Problem to work on ▸
An exact copy of the listing below is the answer, with the pictures removed.

======== Data block ========

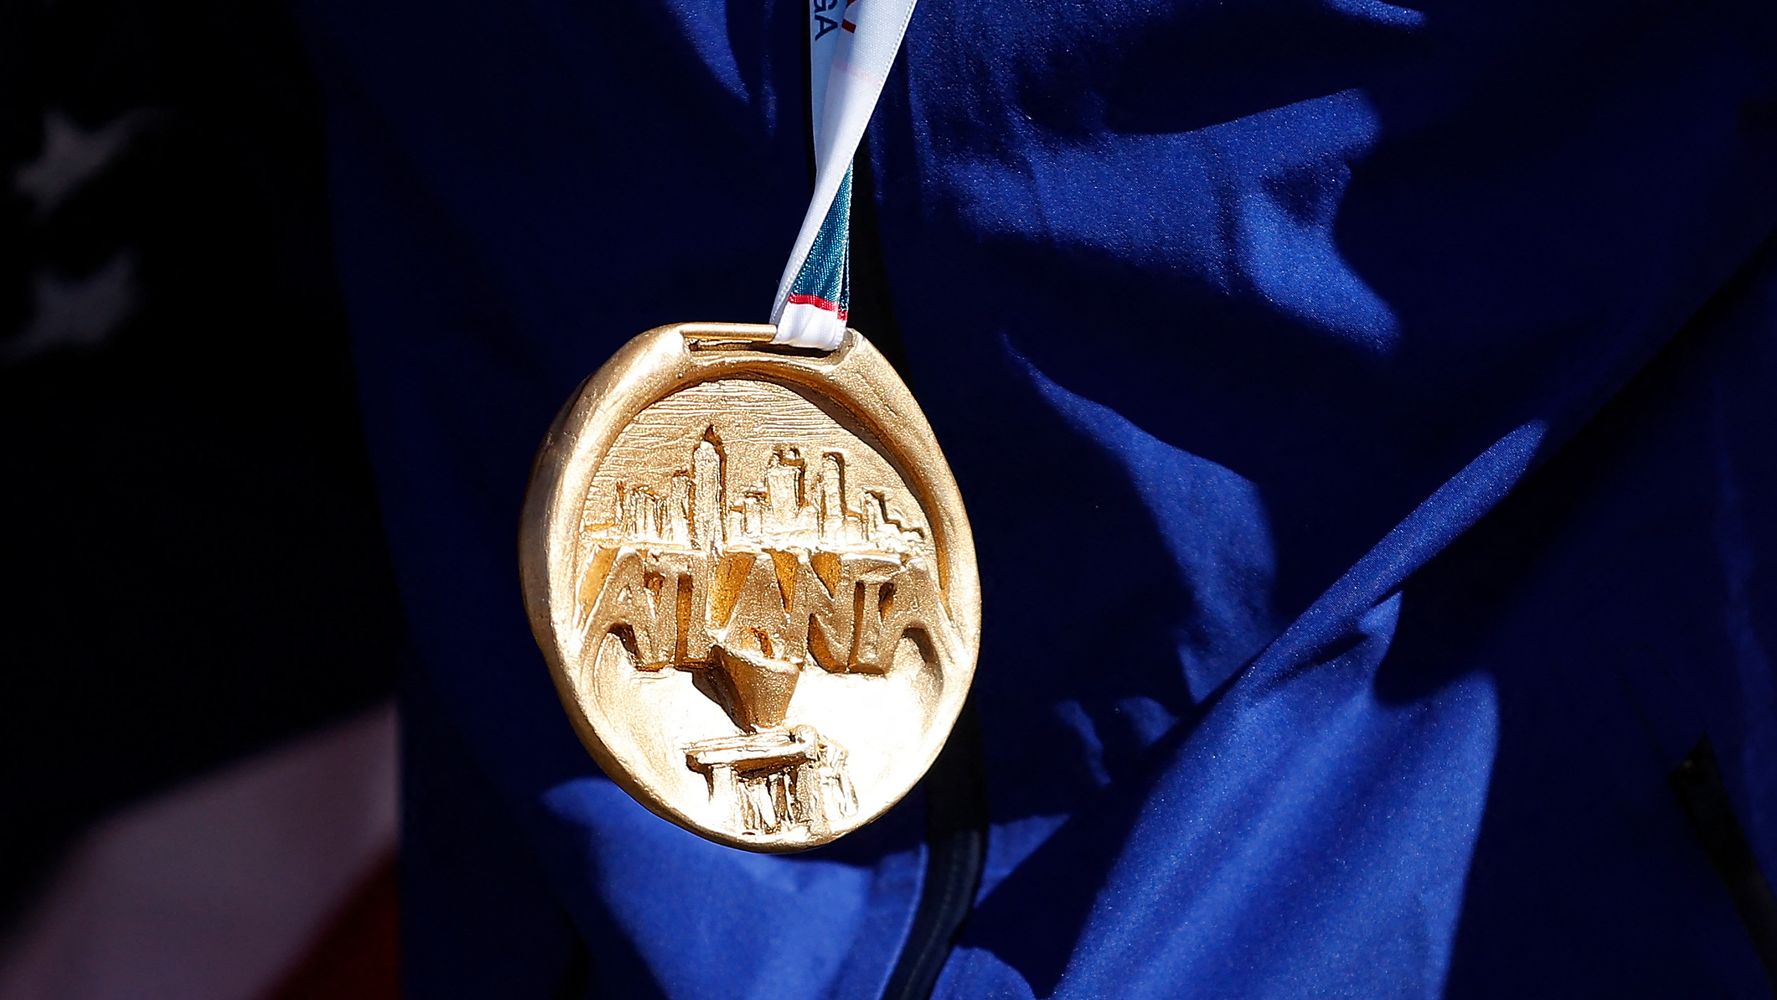 La médaille olympique de Sandra Forgues retrouvée par hasard sur une autoroute
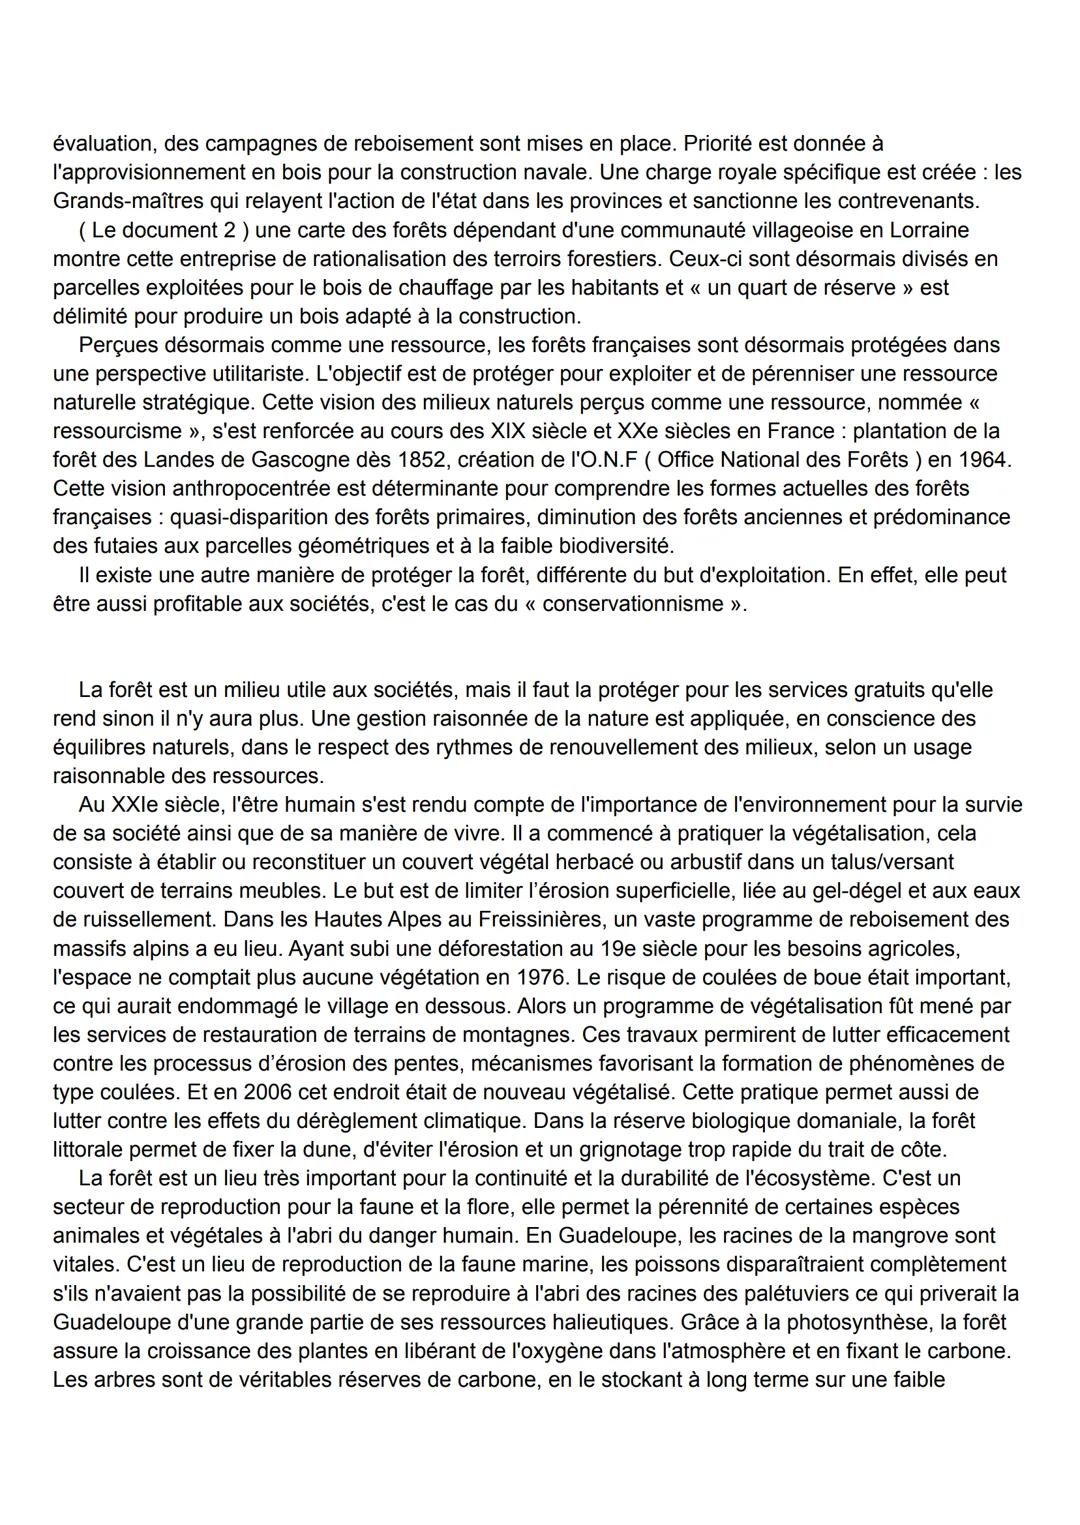 Dissertation HGGSP: Enjeux et pratiques de la forêt française depuis Colbert
Selon WWF (World Wildlife Fund ), l'ONG de la protection de l'e

========

Exercise response ▸
 La médaille olympique de Sandra Forgues retrouvée par hasard sur une autoroute
 Dissertation HGGSP: Enjeux et pratiques de la forêt française depuis Colbert
Selon WWF (World Wildlife Fund ), l'ONG de la protection de l'e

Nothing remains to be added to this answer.